Daltons in AFRICA -- ANIMAL FACTS: Hippopotamus.

 



HIPPOPOTAMUS



How to Recognize
Hippos are huge and bloated (males weigh up to 7,000 pounds!) with short legs, massive heads, and broad snouts. They are shiny gray in color with pink highlights. Their jaws contain sharp, 20-inch tucks and can open 150-degrees. They can chop a crocodile in half!

Hippos are frequently aggressive and extremely dangerous on land when threatened. They kill many people each year, usually when someone inadvertently blocks their path to the water. Another reason to not get too close is that hippos mark their territories and grazing trails by spraying dung and waving their tail at the same time which spreads it all over the place. Yuck!

Habitat
Hippos are found widespread and close to fresh water. They like slow-flowing rivers, dams, and lakes with pools, shallow banks, and adjoining grassland.

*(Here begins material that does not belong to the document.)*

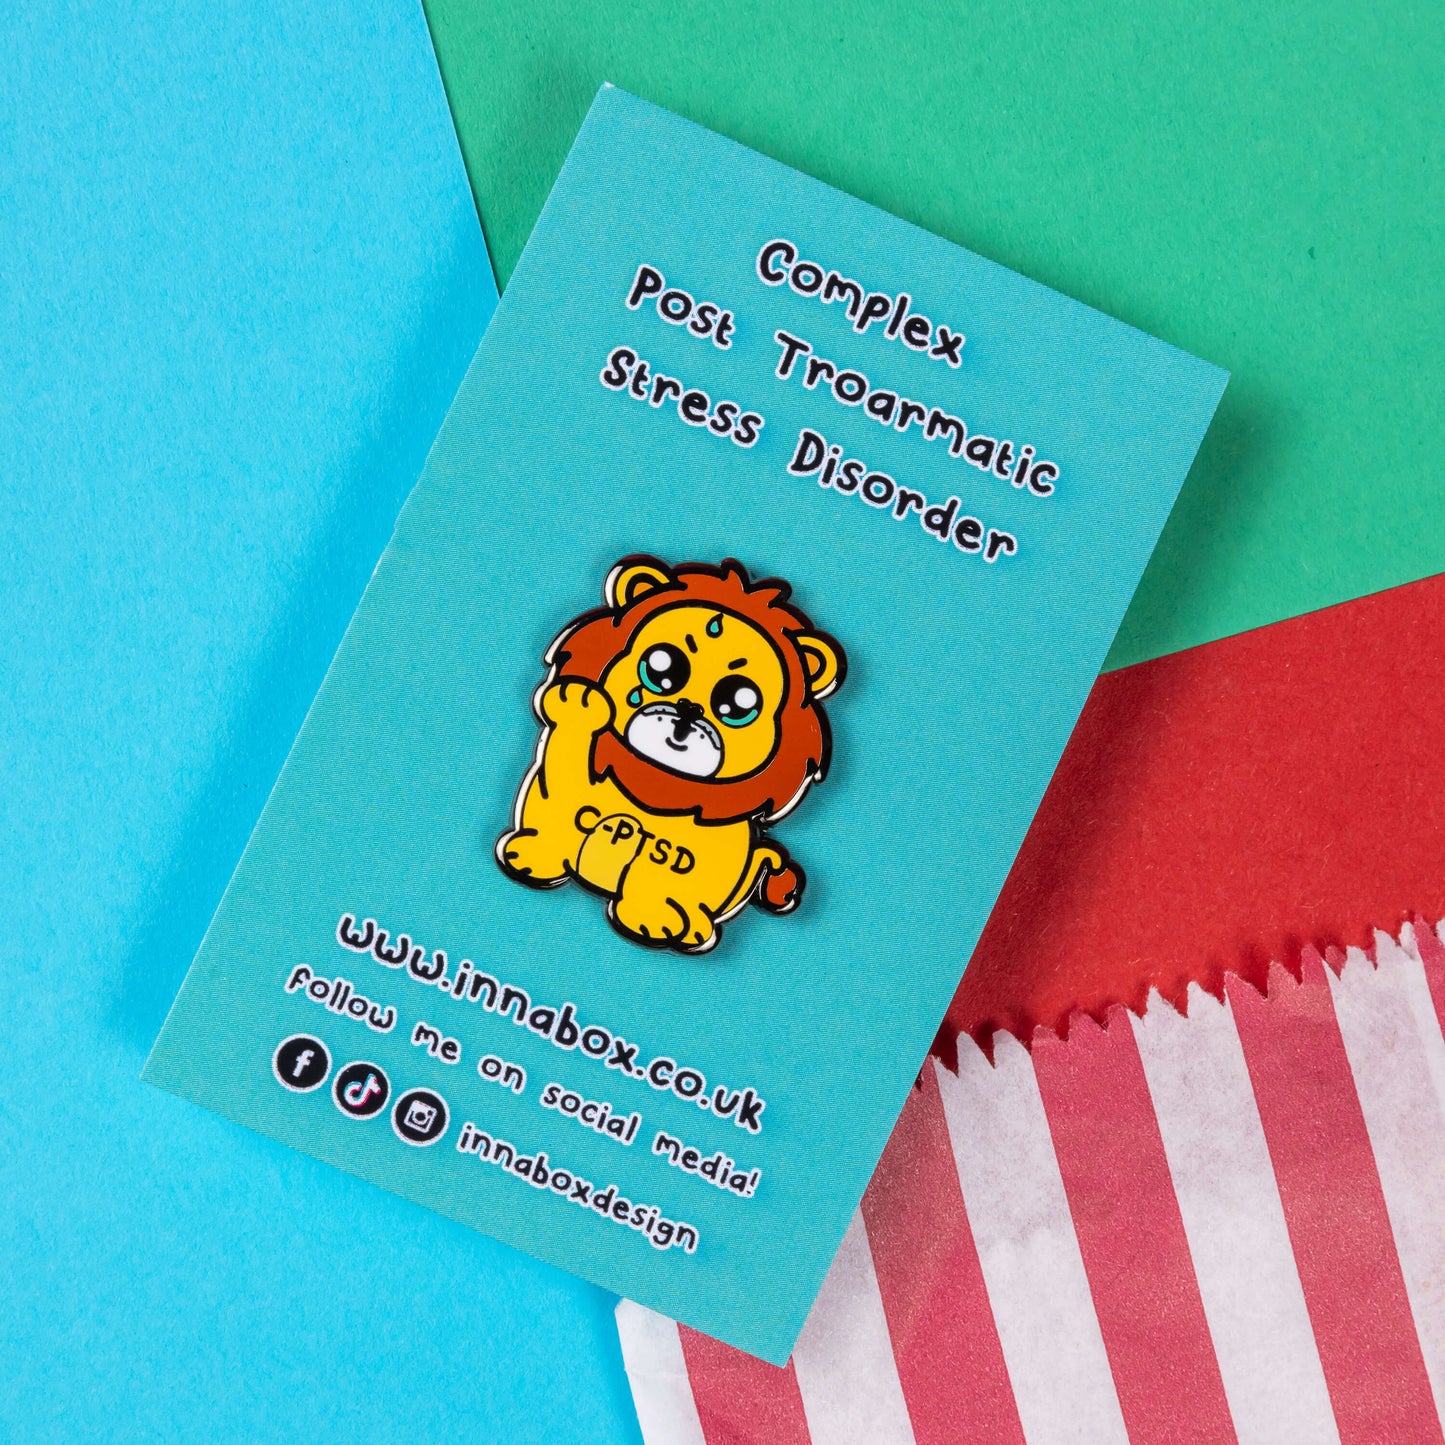 The Complex Post Troarmatic Stress Disorder Lion Enamel Pin - C-PTSD - Complex Post Traumatic Stress Disorder on blue backing card with black text. A yellow crying smiling and sweating male lion with its paw raised in the middle with 'C-PTSD' across its chest. The enamel pin design is raising awareness for complex post traumatic stress disorder.

A hippo’s skin is very thin with no sweat glands which means it can rapidly dehydrate and overheat. Therefore, they spend most of the day submerged in the water with only their eyes, ears, and nostrils breaking the surface. A hippo can stay submerged under water for five minutes. They sigh when they surface to exhale. They emerge at night following well-worn trails to graze on land, travelling up to 18 miles in one night!

Behavior
Principally nocturnal. Bulls are solitary. Family groups consist of a dominate male matriarch with 10-15 females and their young. They tolerate close contact in the water but forage singly when on land. Males enlarge puddles to make temporary water holes in the rainy season. A large number of hippos congregate during the dry season. Cows with young babies are aggressive to other individuals.

Adult bulls defend territories against each other aggressively and most males bear these scars which makes it convenient to distinguish the males from the females. Hippos “yawn” when challenged, and territorial males shower each other with urine and feces as a sign of respect. Males, spaced apart in territories, advertise their dominance with loud and repeated wheezy honks. Very funny to hear!

Breeding
Mostly during the rainy season, a single calf is born under water after a eight month gestation period.

Feeding
Hippos can consume about 100 pounds of grass each evening with their wide, muscular mouth. They don't feed on aquatic vegetation. However, believed to be vegetarians, researchers are starting to observe otherwise. Hippos have been seen devouring a dead impala in a waterhole and even behaving aggressively toward crocodiles and hunting dogs at a carcass.

Enemies
Occasionally lions. Crocodiles take calves. Otherwise, lazing about in the water burns very little energy and keeps hippos safe from predators.